Isabel dos Santos não dá entrevistas. Já deve ter recusado dezenas de pedidos. No entanto, no final de Março, aceitou almoçar com o jornalista do Financial Times, Tom Burgis, durante uma viagem de negócios a Londres. A rúbrica Lunch with the FT tem décadas e deu origem a um livro com 52 entrevistas que se tornaram clássicos do jornalismo. Nesta conversa, em que disse muito menos do que qualquer leitor gostaria, Isabel dos Santos rejeita a ideia de ser uma privilegiada, garante que não tem ligações ao governo do seu pai nem ao poder político, diz que trabalhou a vida toda – “vendia ovos aos seis anos” -, que os seus negócios são legítimos e fruto do seu empenho e que se diverte imenso com o que faz porque cria emprego. No entanto, o melhor é ler o texto do Financial Times.

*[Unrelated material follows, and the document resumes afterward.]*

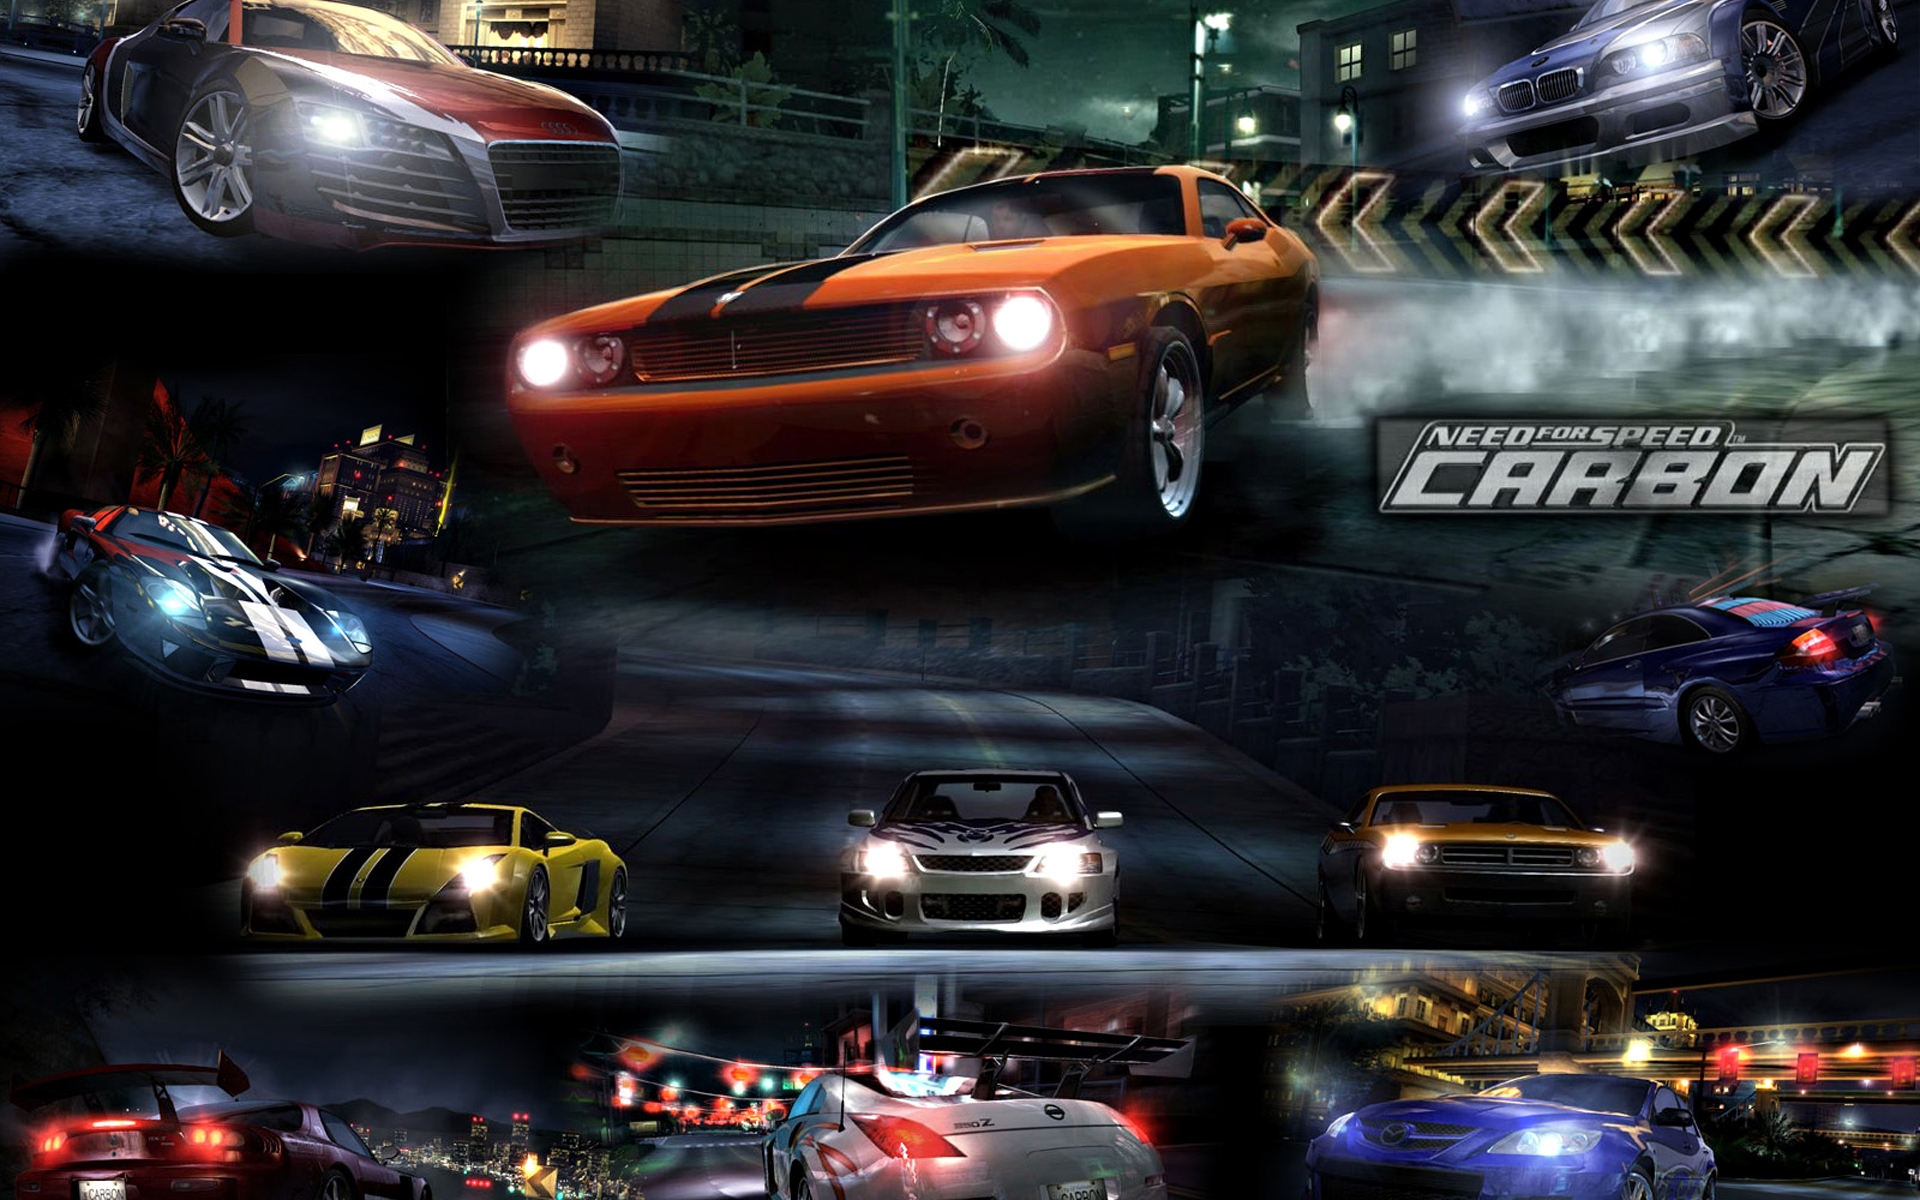 Nfs assemble. Need for Speed: Carbon. Need for Speed карбон. Нфс карбон машины. Need for Speed Carbon обои.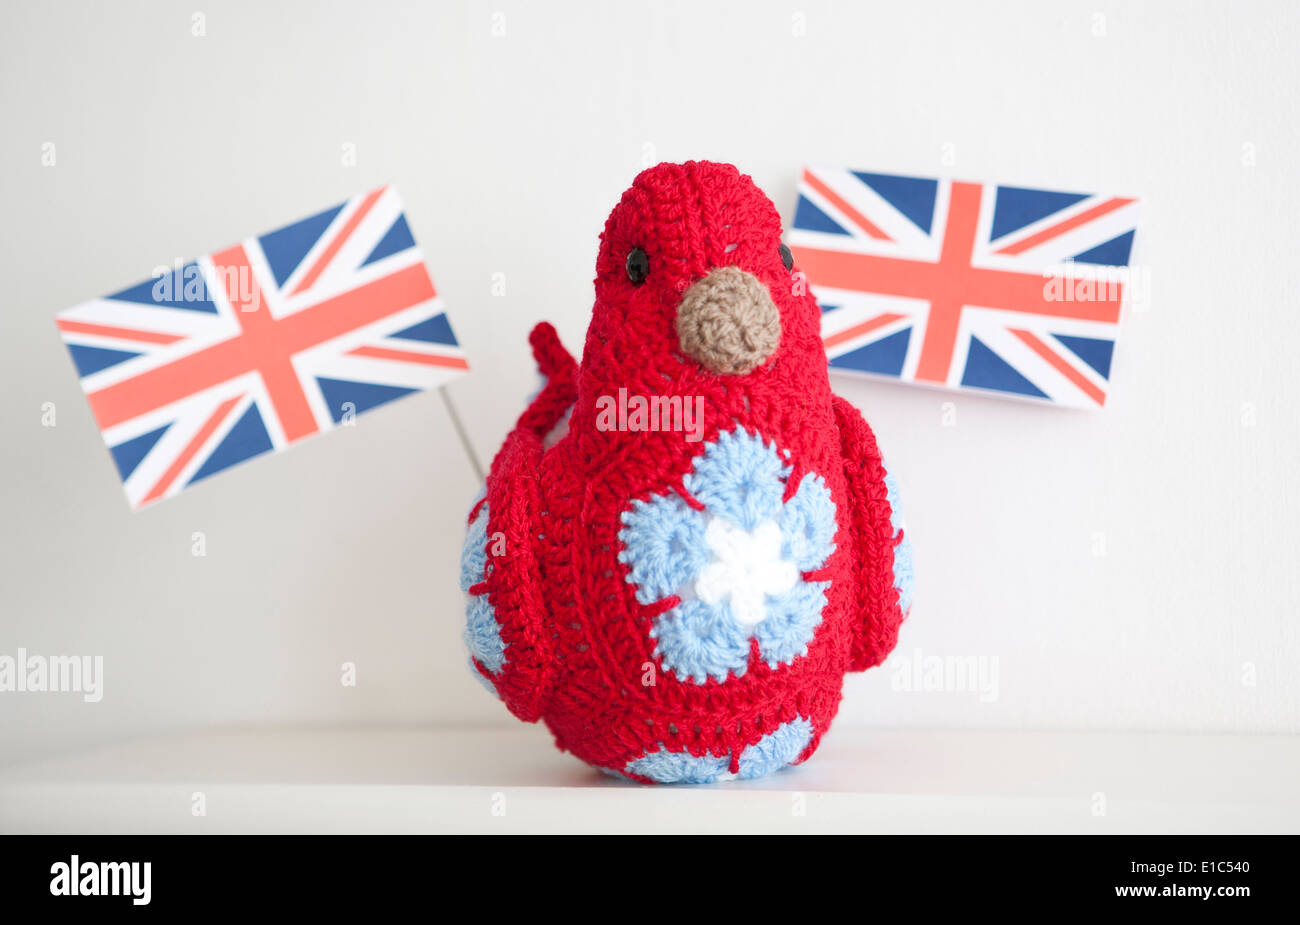 Union Jack carrying patriotic crocheted bird using African Flower Pentagons Stock Photo

“A thick mist descends on London as I make my way to Mayfair to meet Africa’s richest woman. It seems apt. Isabel dos Santos’s name is more widely known since, earlier this month, Forbes declared her the continent’s first female billionaire but, in her native Angola, she belongs to an elite that is so secretive it has been described as a “cryptocracy”. Her father, José Eduardo, has been Angola’s president for 33 years. Renowned for his inscrutability, he keeps his petro-state, the continent’s rising power and one of China’s biggest oil suppliers, in the tightest of grips. His regime has, according to critics, become synonymous with the diversion of public funds into private pockets.
Isabel dos Santos, his eldest daughter, is regarded as a symbol of the confluence of power and wealth in Angola. I have been pursuing her for an interview for more than a year and, despite repeated assurances from aides that she doesn’t do them, she has consented to have lunch during a business trip to Britain. Her choice of venue is Scott’s, a swanky fish restaurant frequented by hedge fund types and luminaries such as Bill Clinton and Tom Cruise.
I arrive 10 minutes early but recognise dos Santos sweeping through the doors ahead of me. We shake hands and she launches into hushed conversation, in Portuguese, with her publicist as I fidget nearby. Eventually, the publicist is dispatched and we are shown to our seats beneath a vast, bewildering canvas by Fiona Rae. Dos Santos is wearing a black trouser-suit over a leopard-print shirt and sporting dazzling earrings set with diamonds. The precious stones abound in Angola’s soil. They helped fund the rebel campaign against President dos Santos during the on-off civil war that erupted when the country gained independence from Portugal in 1975.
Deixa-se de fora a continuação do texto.